His work is predominantly on time series econometrics and the econometrics of the demand for money. In recent years he has worked on the theory of forecasting and also on automated model building. He also studies the econometrics of climate change as co-director of the Climate Econometrics research centre at Nuffield College, Oxford.

He was elected a fellow of the British Academy, a fellow of the Econometric Society, honorary member of the American Economic Association and foreign honorary member of the American Academy of Arts and Sciences.

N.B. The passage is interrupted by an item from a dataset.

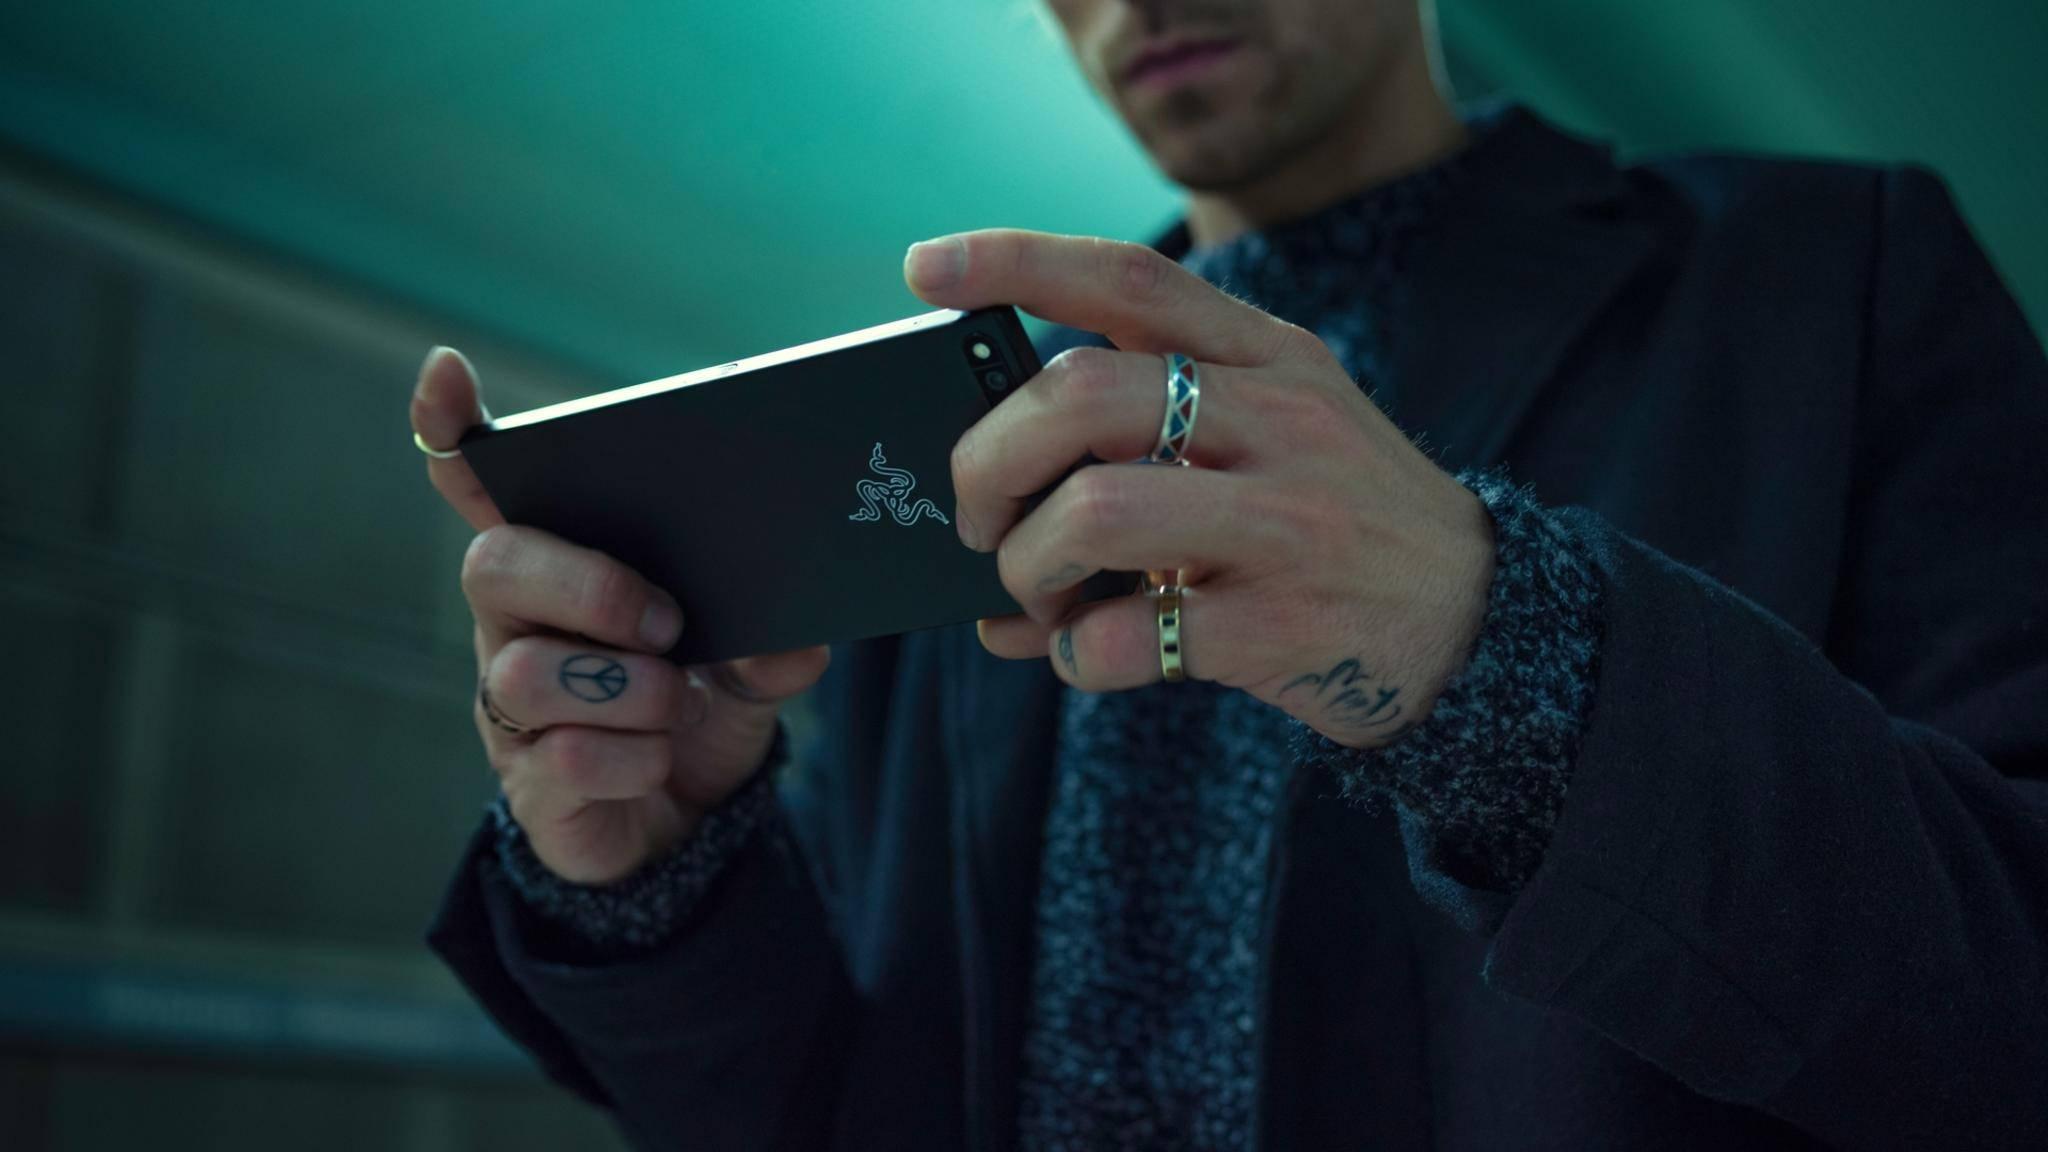 Der Nachfolger des Razer Phone soll nicht mehr lange auf sich warten lassen.

In 2001 he received an honorary doctorate (dr. philos. h.c.) from The Norwegian University of Science and Technology (NTNU). He has received seven other honorary doctorates.

He was knighted in the 2009 Birthday Honours.

His most recent book is Hendry, D.F. and B. Nielsen (2007), Econometric Modeling: A Likelihood Approach (Princeton University Press).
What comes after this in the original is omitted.